關於Verilog中begin-end & fork-join
begin-end and fork-join are used to combine a group of statements in a single block. General syntax with begin-end is as follows:
type_of_block @(sensitivity_list)
begin: group_name
local_variable_declarations;
statements;
end
type_of_block may be initial or always. sensitivity_list is optional and possible only in always block. You are knowing about initial and always block in the previous chapter.

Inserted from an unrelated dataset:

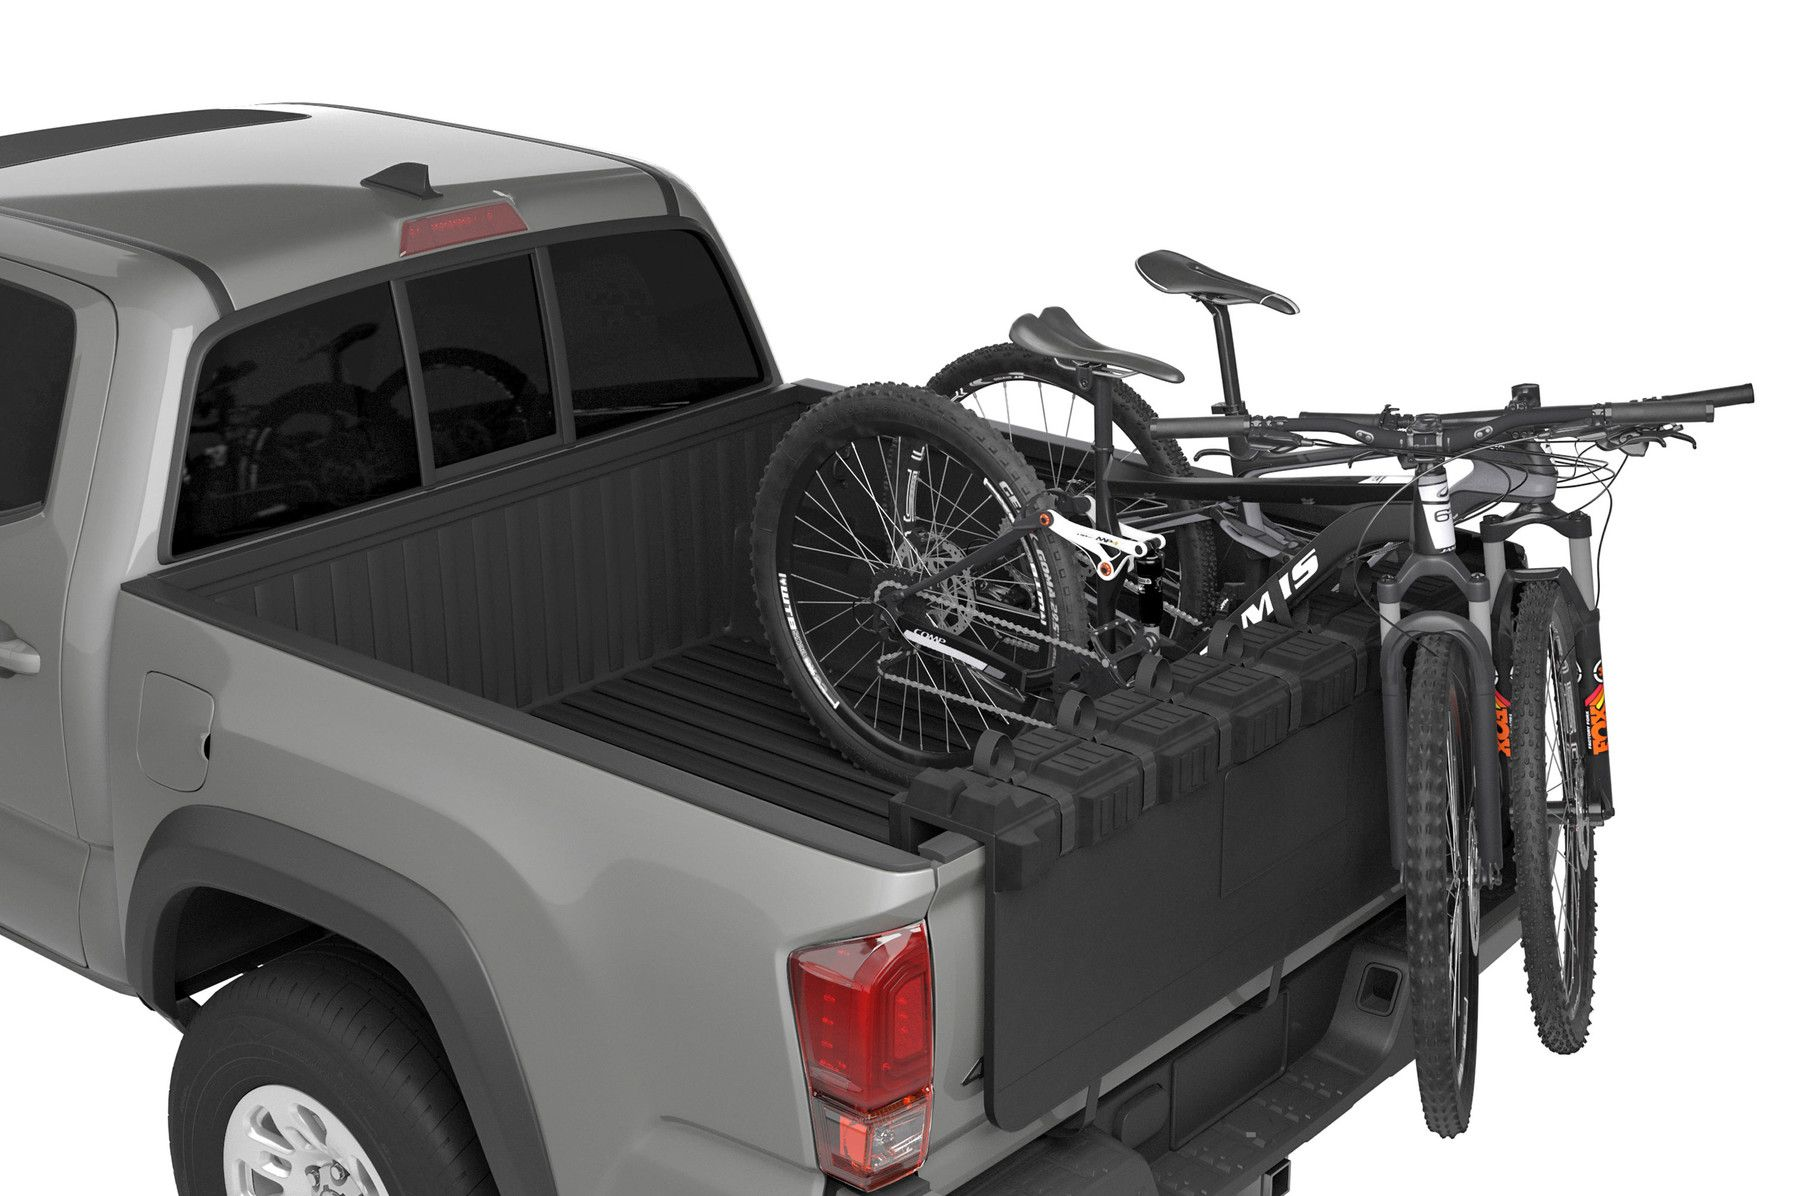 Thule Gatemate Pro Bike Rack Truck Bed Truck Bike Rack

Sensitivity list is used to model sequential or combinational logic. To make it more clear, observe these examples:
module comb(a, b, c);
input c;
input b;
output a;
reg a;
always @( c or b)
begin
a = c & b;
end
endmodule
module seq(a, b, c);
output a;
input b;
input c;
reg a;
always @( posedge c)
begin
a <= b;
end
endmodule
In the left hand side example, whenever c or b changes, a will become c & b. So it is combinational logic, represents and gate. Note that actual hardware register won't be implemented while synthesizing in the left-hand side example, even though it is declared as the type reg. Right hand side example will be synthesized as D-type Flip-flop since b will be assigned to a when ever c goes high. Difference between "=" and "<=" is explained in the next chapter. These codes can be represented in the form of circuits as shown below.
Output of module comb
Output of the module seq
Inside an initial or always block, we can group statements using begin--end or fork--join. begin--endgroups two or more statements together sequentially, so that statements are evaluated in the order they are listed. Each timing control is relative to the previous statement. fork--join groups two or more statements together in parallel, so that all statements are evaluated concurrently. Each timing control is absolute to when the group started.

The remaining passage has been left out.